How Source’s DefraDB Uses Content-Addressable Data to Make Edge-First Development More Efficient, Secure, and Dynamic

11 min read

Addo Smajic avatar

Addo Smajic

Oct 28, 2025

How Source’s DefraDB Uses Content-Addressable Data to Make Edge-First Development More Efficient, Secure, and Dynamic

If you've built software with MongoDB, Postgres, or Firebase, you know the pattern: your application talks to a database server. That server is the source of truth. When users need data, they request it from that server. When they update data, they send it to that server.

This works fine when you control the infrastructure. But at the edge, this pattern breaks down completely.

Edge-first software runs on devices you don't control. Phones. Laptops. IoT sensors. Autonomous vehicles. Users go offline. Networks partition. Devices sync peer-to-peer. There's no central server to be the source of truth.

Traditional databases weren't built for this. DefraDB was.

The foundation is content-addressable data. It's an elegant inversion of how databases typically work, and once you understand it, you'll see why edge-first development becomes not just possible, but surprisingly straightforward.

What is Content-Addressable Data?

Traditional databases use location-based addressing. You request data by specifying where it lives. A table name. A collection. A document ID. The database server at that location returns the data.
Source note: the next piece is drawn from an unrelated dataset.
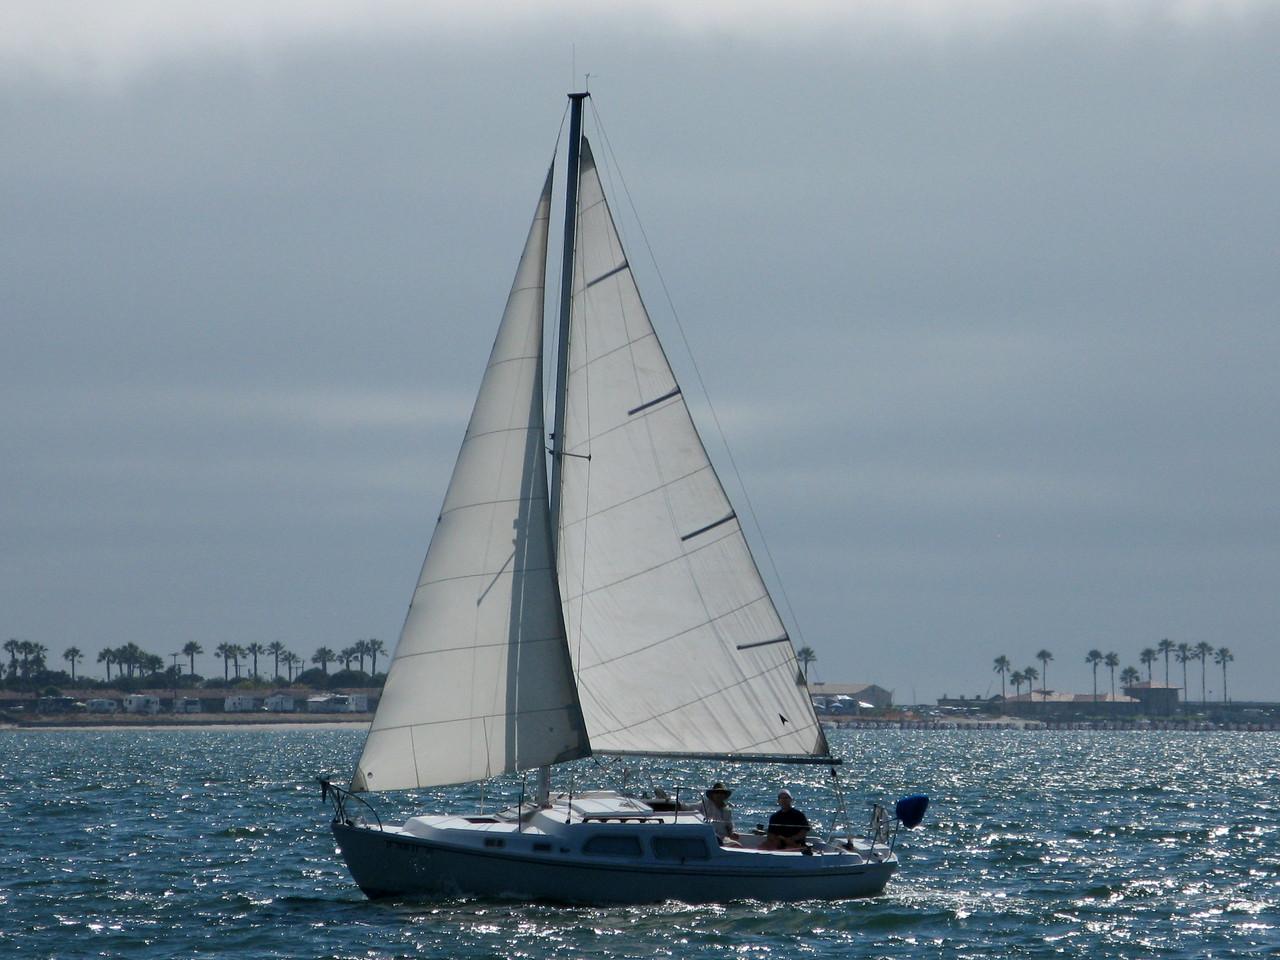 12-07-01 Sail 039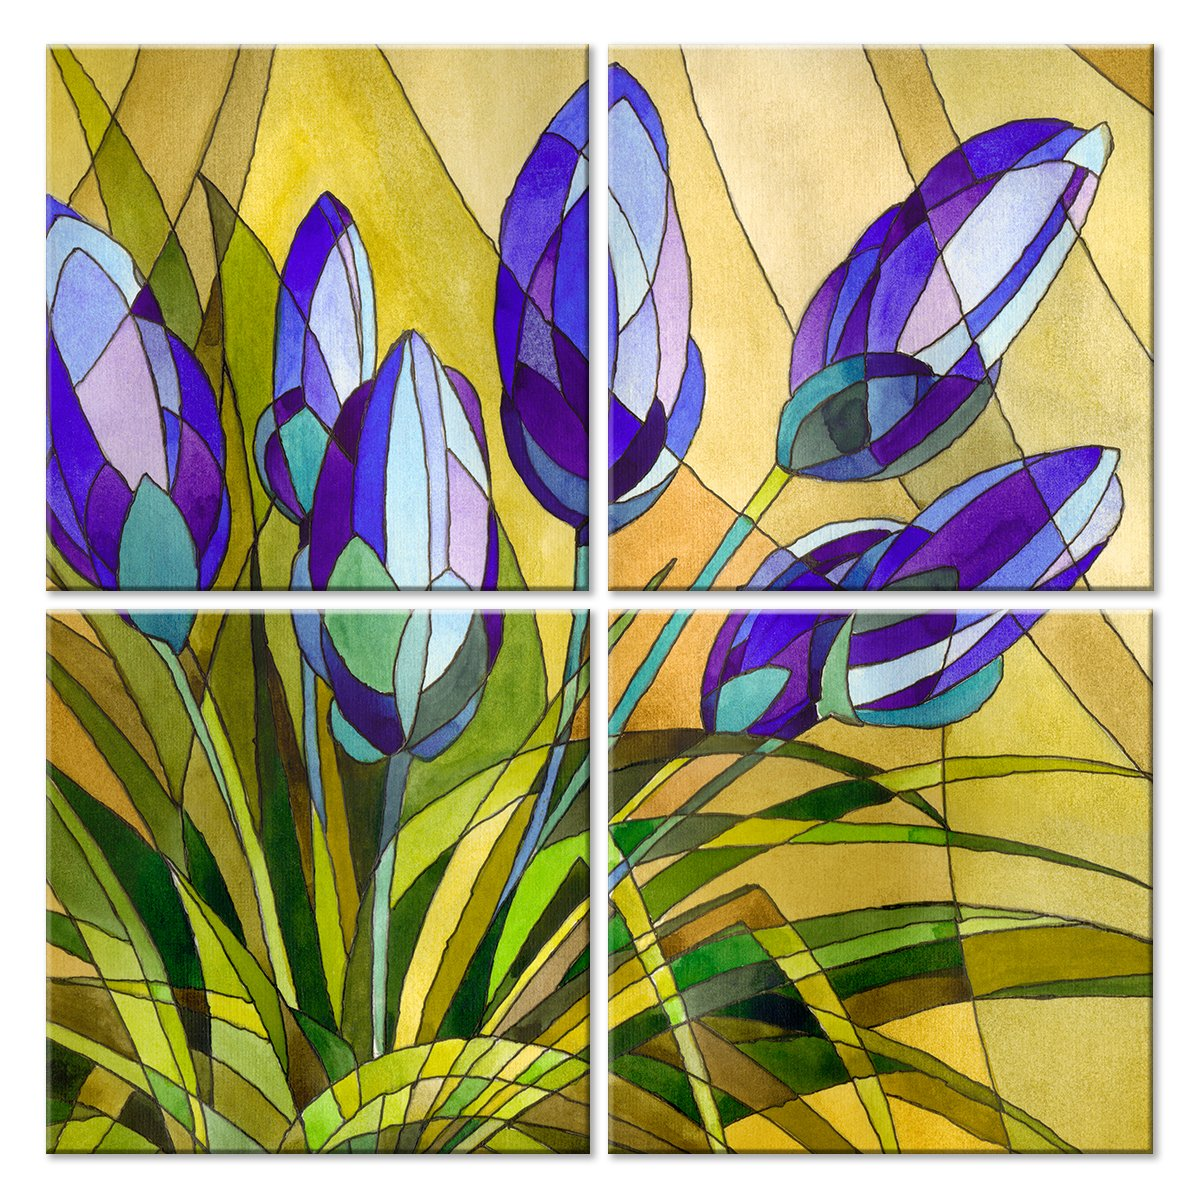 Модульная картина «Цветочный витраж»Цветы<br>Модульная картина на натуральном холсте и деревянном подрамнике. Подвес в комплекте. Трехслойная надежная упаковка. Доставим в любую точку России. Вам осталось только повесить картину на стену!<br>

Here's the problem: at the edge, location is meaningless.

Content-addressable data solves this with a clever trick: instead of asking "where is this data?" you ask "what is this data?"

Data gets identified by its content. A cryptographic hash of the data becomes its unique identifier. Change even one bit of the data, you get a completely different identifier.

These identifiers are called Content Identifiers (CIDs). A CID is generated using a hash function over the input data. The result is a collision-resistant identifier for any piece of data.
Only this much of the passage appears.